Everything in the listing below should be written out again exactly, except the pictures.

→ Stored data:
■ ■ ■ ■ ■ ■ ■
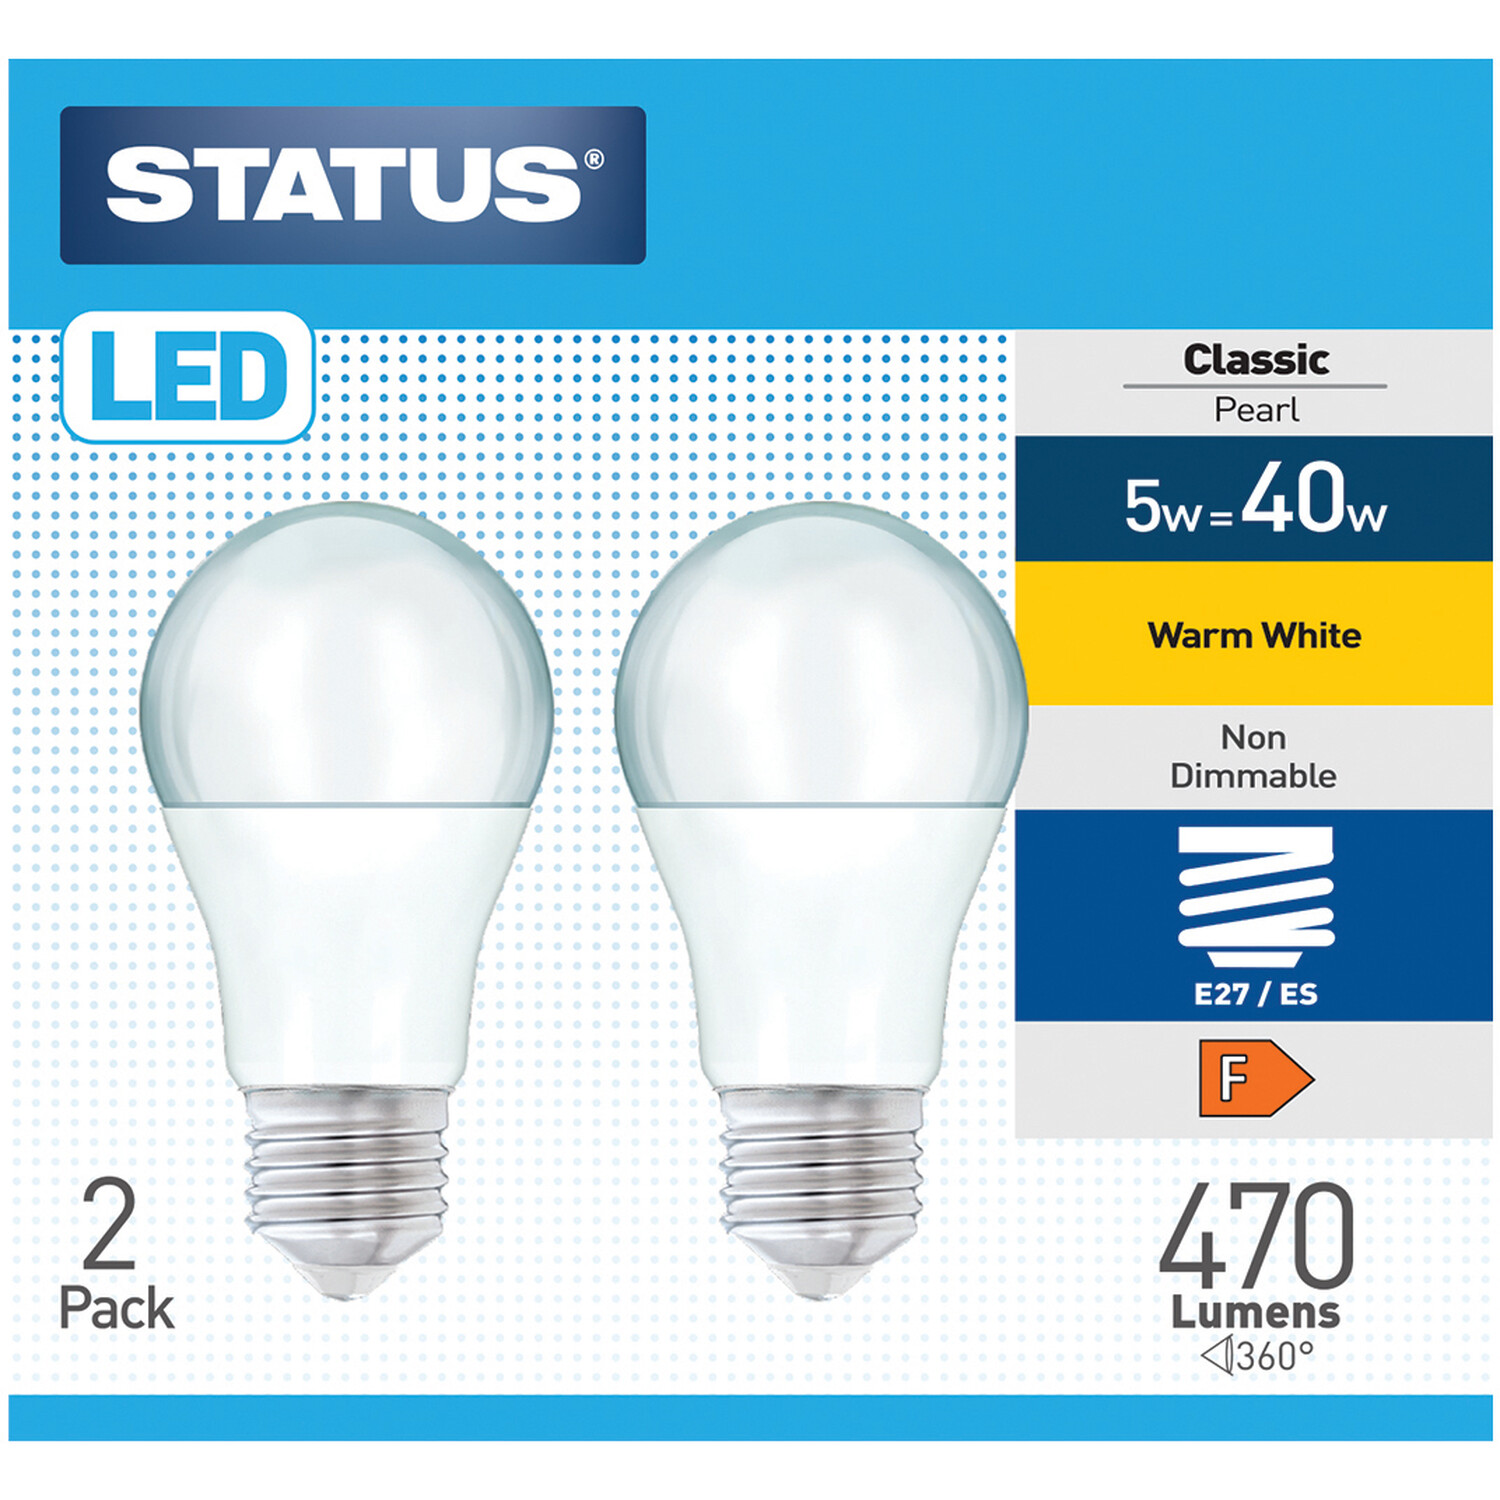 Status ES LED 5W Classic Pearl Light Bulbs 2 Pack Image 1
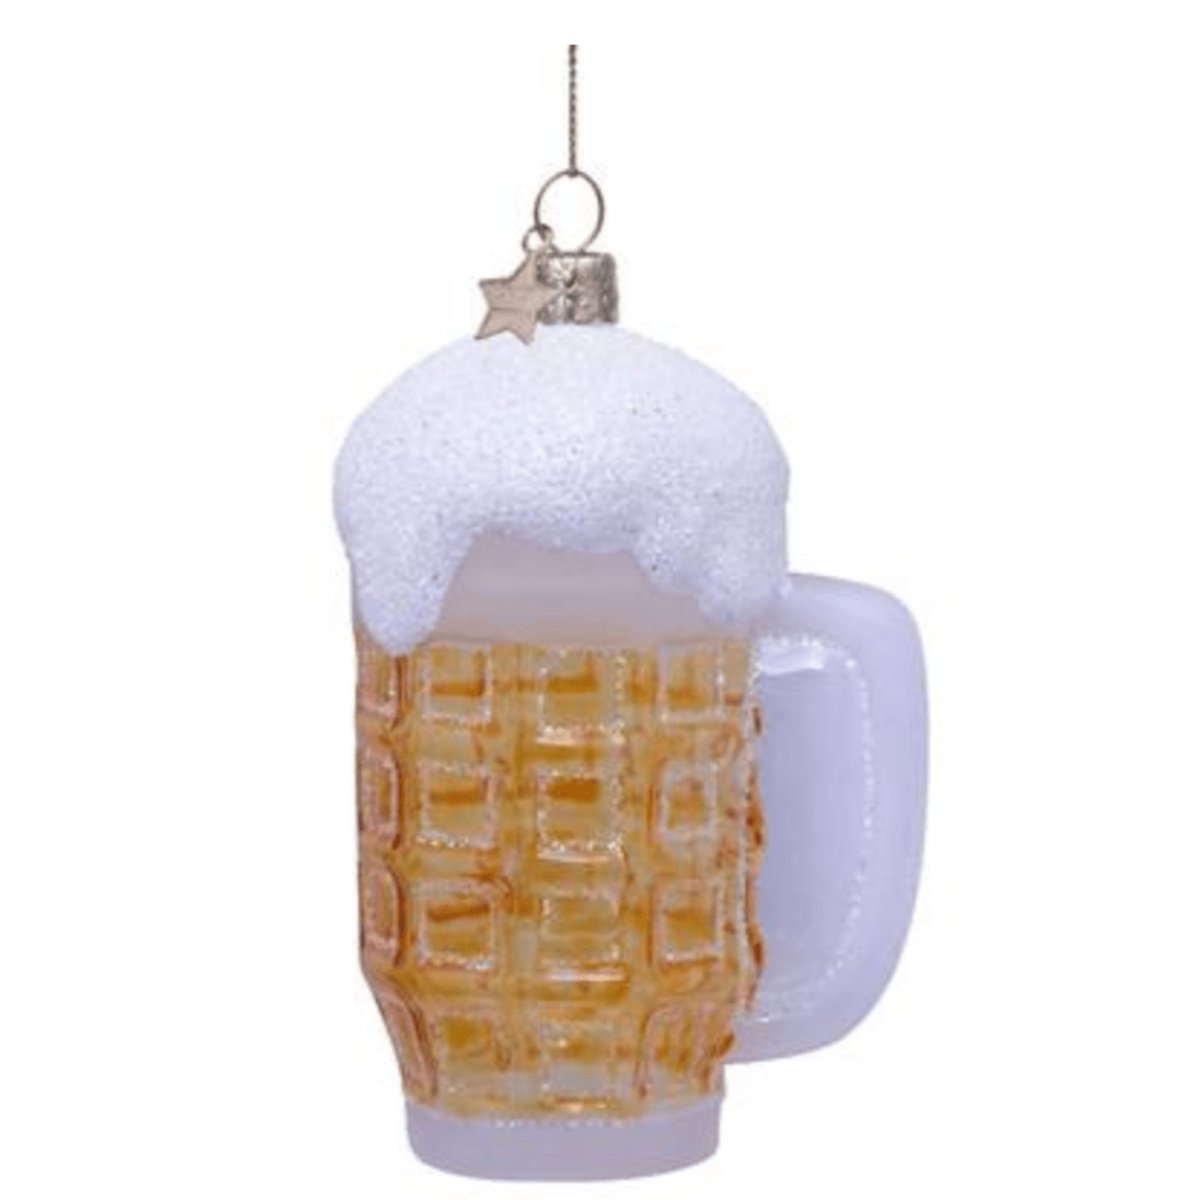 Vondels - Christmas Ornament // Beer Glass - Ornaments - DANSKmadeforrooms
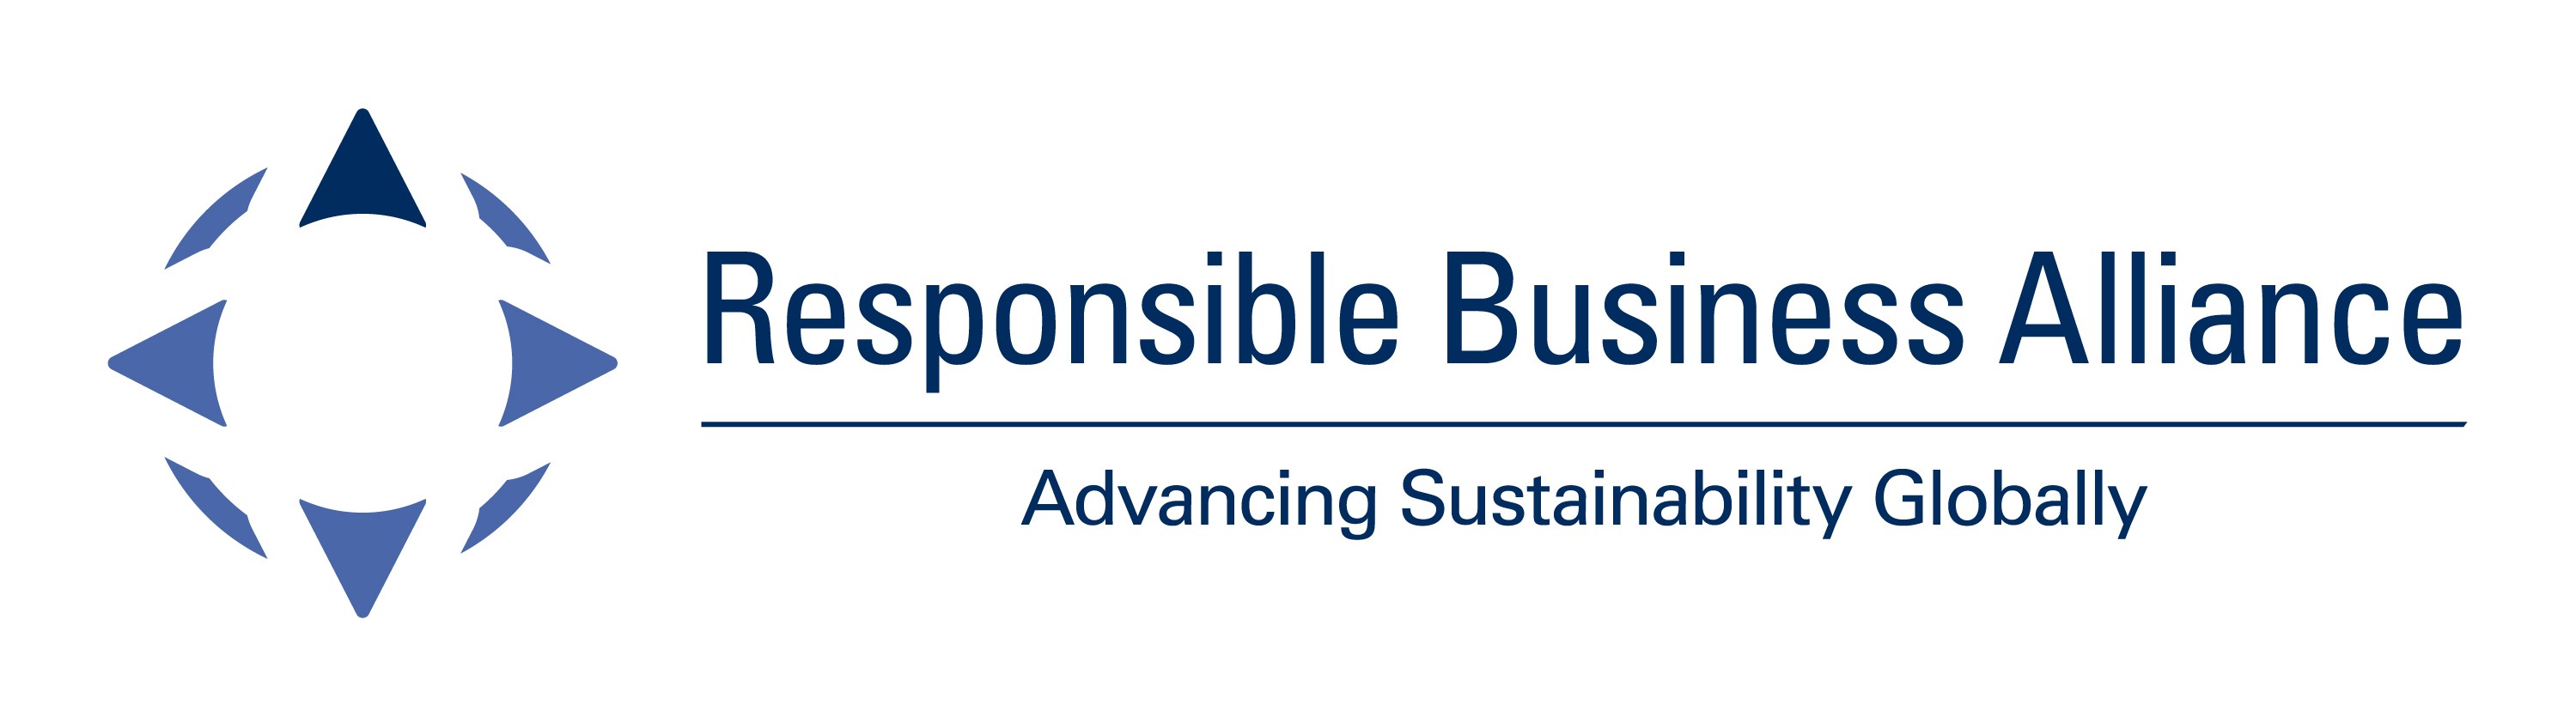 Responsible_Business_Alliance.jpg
■ ■ ■ ■ ■ ■ ■
→ Completed task:
 Status ES LED 5W Classic Pearl Light Bulbs 2 Pack Image 1
 Vondels - Christmas Ornament // Beer Glass - Ornaments - DANSKmadeforrooms
 Responsible_Business_Alliance.jpg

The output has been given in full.